SGH Ltd. is an investment company, which focuses on industrial services, media, and investments. It operates through the following business segments: WesTrac, Coates, Boral, Energy, Media Investments, and Other Investments. The WesTrac segment provides heavy equipment sales and support to customers. The Coates segment offers a range of general and specialist equipment to a variety of markets including engineering, building construction and maintenance, mining and resources, manufacturing, government, and events. The Boral segment is a construction materials group. The Media Investments segment relates to investments in listed and unlisted media organizations. The Other Investments segment covers other investments and incorporates listed investments and property. The company was founded in 1956 and is headquartered in Sydney, Australia.
COMMENTARY
The US market retraced 1.4% in February as tech stocks corrected 4% following a 29% rally during 2024. This weakness was primarily caused by escalating tariffs placed by the new US leadership and retaliation from its trading partners. The picture remains highly fluid and will, therefore, continue to distract markets where some investors fear either a resurgence of inflation, economic weakness or a combination of both. Gold continues to make all-time highs, further reflecting this uncertainty. Bond markets were firm in February, with US ten year rates falling by 0.3%, suggesting investors saw the risk around lower economic growth, perhaps increasing the chances of further interest rate cuts.
We have witnessed many periods of short term volatility in the past, and remain steadfast in our longer term investment focus, noting that volatility is often a source of opportunity as some investors panic while distracted.
The Australian market fell 4.2%, with mining stocks faring slightly better due to the higher gold price. Banks and property stocks, which enjoyed a strong rally in 2024, were hit harder.
We were busy in February with companies releasing results and we were broadly pleased with the outcomes for most of our investments during this critical period.
Our key positive contributors in February were:
Generation Development (+15%) posted profits above expectations, with all divisions growing and showing long runways of opportunity. Charter Hall (+9%) upgraded its earnings forecasts after a relatively stable first half result and showed confidence that the company is positioned to grow FUM through capital deployment following a period of consolidation. Seven Group (+7.5%) posted 8% profit growth, with the Boral and Westrac divisions offsetting mild weakness in the Coates Hire operation. Imdex (+15%) posted a 10% fall in EBITDA as smaller mining companies have struggled to raise capital to fund exploration. The share price rallied, however, due to emerging signs that this cycle should turn positive, especially given stronger gold prices. MA Financial (+26%) posted 7% higher earnings, however shorter term profits are currently impinged by investment for medium term growth, and the 12% increase in assets under management is a good sign of future profit growth.

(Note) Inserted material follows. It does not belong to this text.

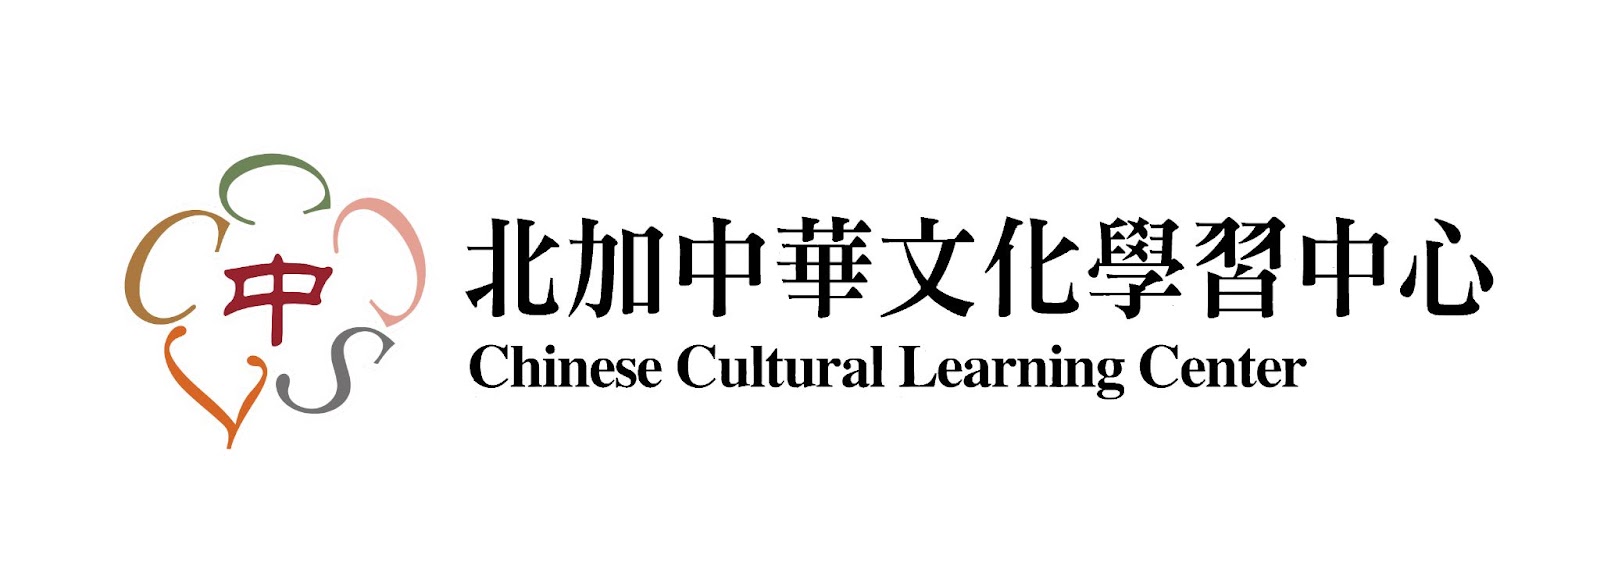 北加中華文化學習中心Banner

Our key negative contributors in February were:
CAR Group (-9%) revealed a 12% profit rise and warned of a slightly slower growth rate in the second half due to a delay in passing through price rises in the US market. Propel Funerals (-9%) delivered a 9% profit boost with an underlying volume growth of 1%, reflecting a slower rate of deaths compared to prior periods. The founding CEO announced his retirement, which took some investors by surprise (we note the remaining founders are all still with the operation hence, we do not see this development as a major concern). Praemium (-20%) posted a 48% increase in underlying profit which was broadly as expected, however the resignation of the well regarded CFO created some selling pressure. Catapult (-9%) retraced after a 170% gain in 2024, perhaps caught up in the recent weakness in global tech stocks. Jumbo Interactive (-12%) fell as the slower run of jackpots detracted from lotto ticket sales, creating a shorter term headwind for sales and earnings.